A 40-year-old man presented with palpitation for 2 days. His past medical history was unremarkable. Physical examination revealed that multiple lentigines of 5 mm to 15 mm that were black-brown in color, macule, flat, and scattered on the face, neck, trunk, and on both hands (Fig. 1A). Hypertelorism was found but there were no evidences of deafness, genital anomaly, and other dysmorphic features including face. His electrocardiography (ECG) indicated atrial fibrillation, left ventricular hypertrophy with a strain pattern (Fig. 1B). Transthoracic echocardiography and cardiac magnetic resonance imaging revealed left ventricular noncompaction (Fig. 1D, E, and F, Supplementary Movies 1, 2, and 3). Skin biopsy had no evidences of malignancies (Fig. 1C). In addition, other disease with hyper-pigmented skin lesions including Addison's disease, hemochromatosis, and hyperthyroidism, were excluded. A p.Typ279Cys mutation in the Exon 7 of the PTPN 11 gene on Chromosome 12q24.1 was verified by polymerase chain reaction sequencing with a total of 15 exons. Finally, he was diagnosed as LEOPARD syndrome (LS) according to criteria proposed by Voron et al.1)
LS is an autosomal dominant congenital disorder.2) The prevalence and incidence of LS are unclear. “LEOPARD” is an umbrella term for seven characteristic features: lentigines, electrocardiographic abnormalities, ocular hypertelorism, pulmonary valve stenosis, abnormalities of the genitals, retarded growth, and deafness. Voron et al.1) proposed diagnostic criteria for LS that include 1 major criterion of multiple lentigines, at least 2 minor criteria (cardiac, ECG, genitourinary, endocrine, neurologic, cephalofacial or skeletal abnormalities), or 3 minor criteria. Hypertrophic cardiomyopathy, abnormal ECG, and pulmonary stenosis were common findings in LS. Interestingly, in 2007, Limongelli et al.3) reported just a case of left ventricular noncompaction among 26 patients with LS. To our knowledge, our case is the second report of a patient with LS and left ventricular noncompaction since Limongelli et al.3) LS is rare disease. Furthermore, LS with noncompaction is very rarity. Notably, LS present with diverse manifestation from asymptomatic to severe. Cardiac involvement in LS would deem to determine prognosis.2)3) Therefore, it is necessary to find out cardiac involvements with multi-image modalities.
References
1. Voron DA, Hatfield HH, Kalkhoff RK. Multiple lentigines syndrome. Case report and review of the literature. Am J Med. 1976; 60:447–456.

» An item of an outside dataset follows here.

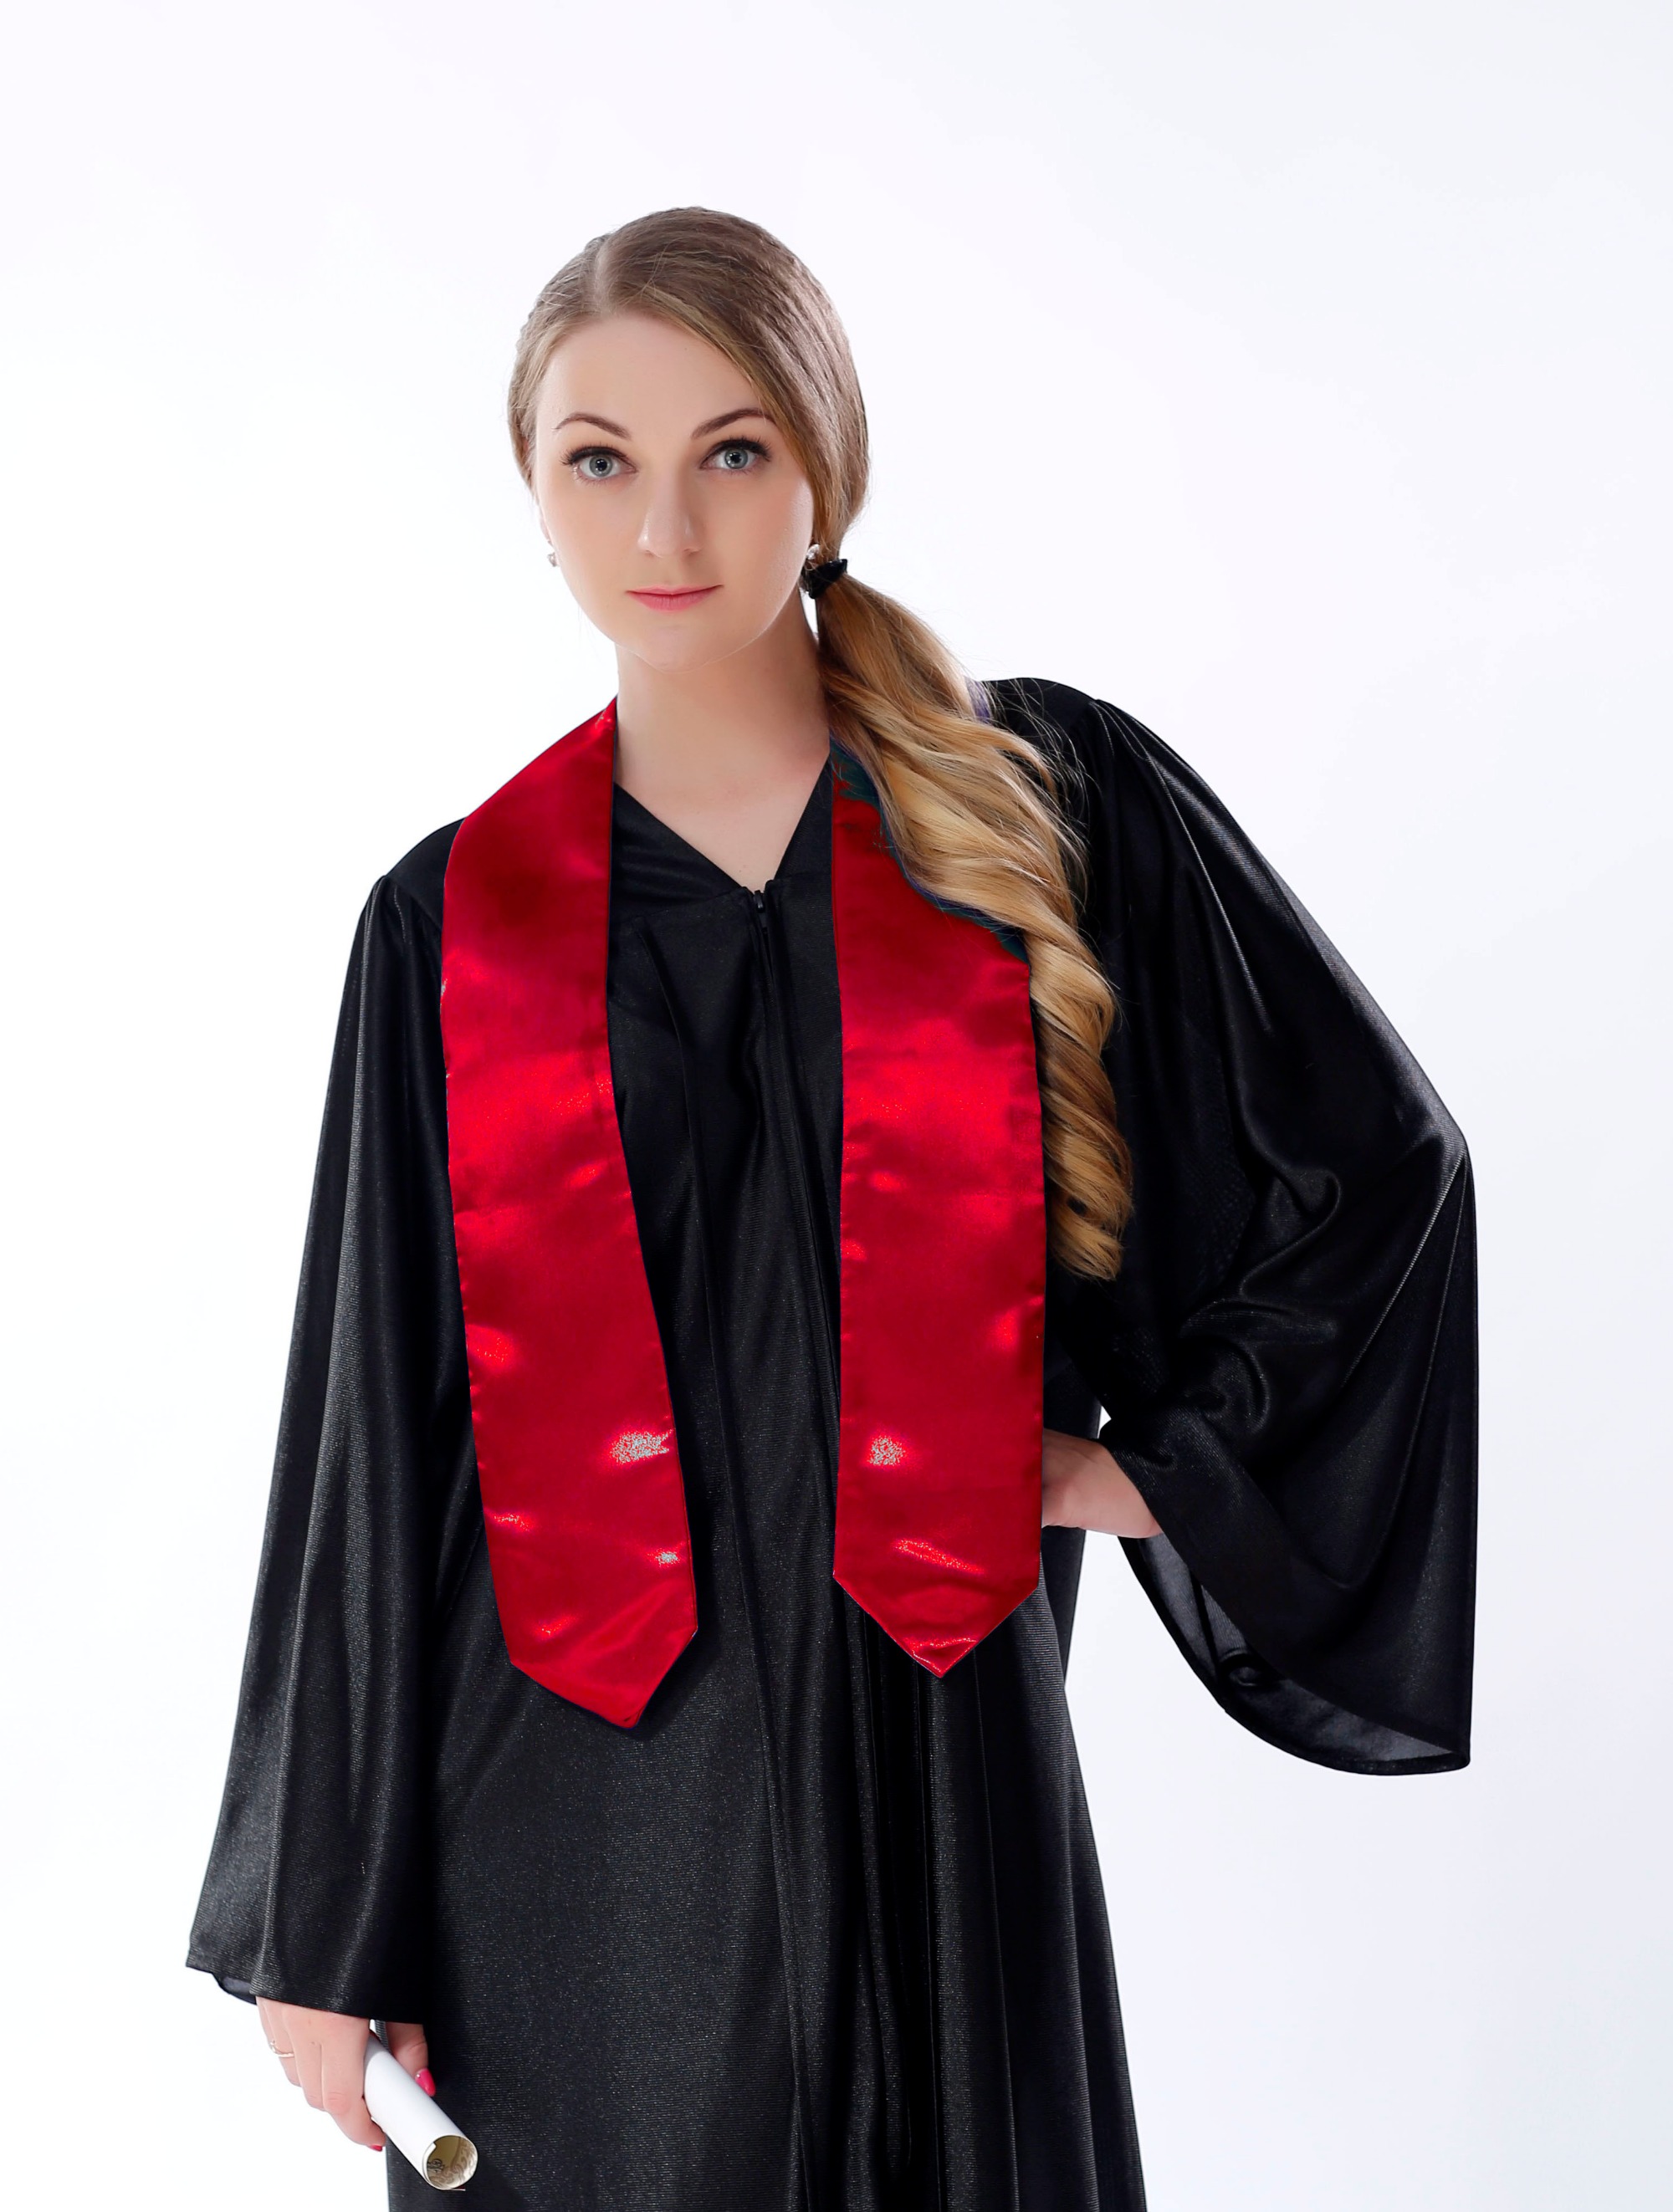 unisex-adult-plain-graduation-stole-red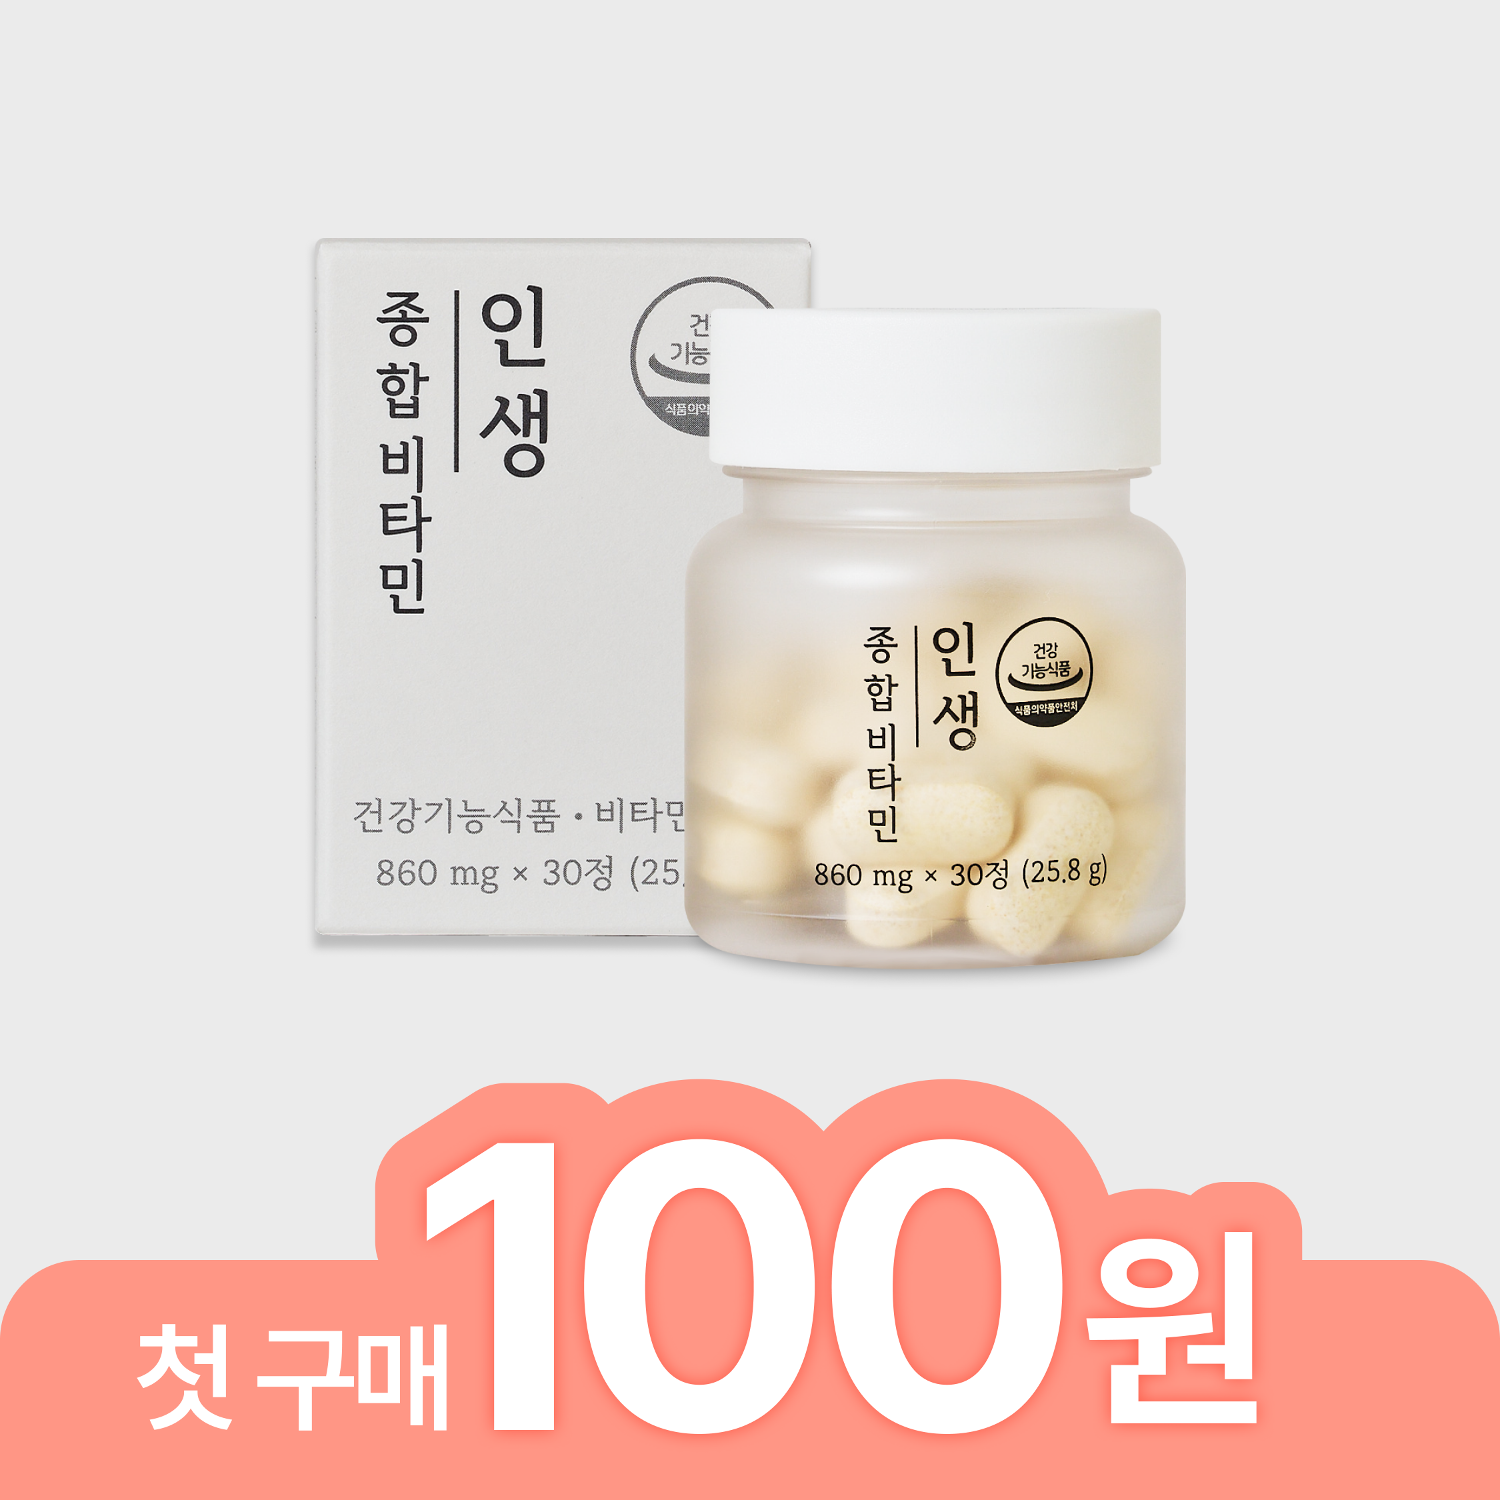 [첫 구매 100원] 인생종합비타민

2. Martínez-Quintana E, Rodríguez-González F. LEOPARD syndrome: clinical features and gene mutations. Mol Syndromol. 2012; 3:145–157.
3. Limongelli G, Pacileo G, Marino B, Digilio MC, Sarkozy A, Elliott P, Versacci P, Calabro P, De Zorzi A, Di Salvo G, Syrris P, Patton M, McKenna WJ, Dallapiccola B, Calabro R. Prevalence and clinical significance of cardiovascular abnormalities in patients with the LEOPARD syndrome. Am J Cardiol. 2007; 100:736–741.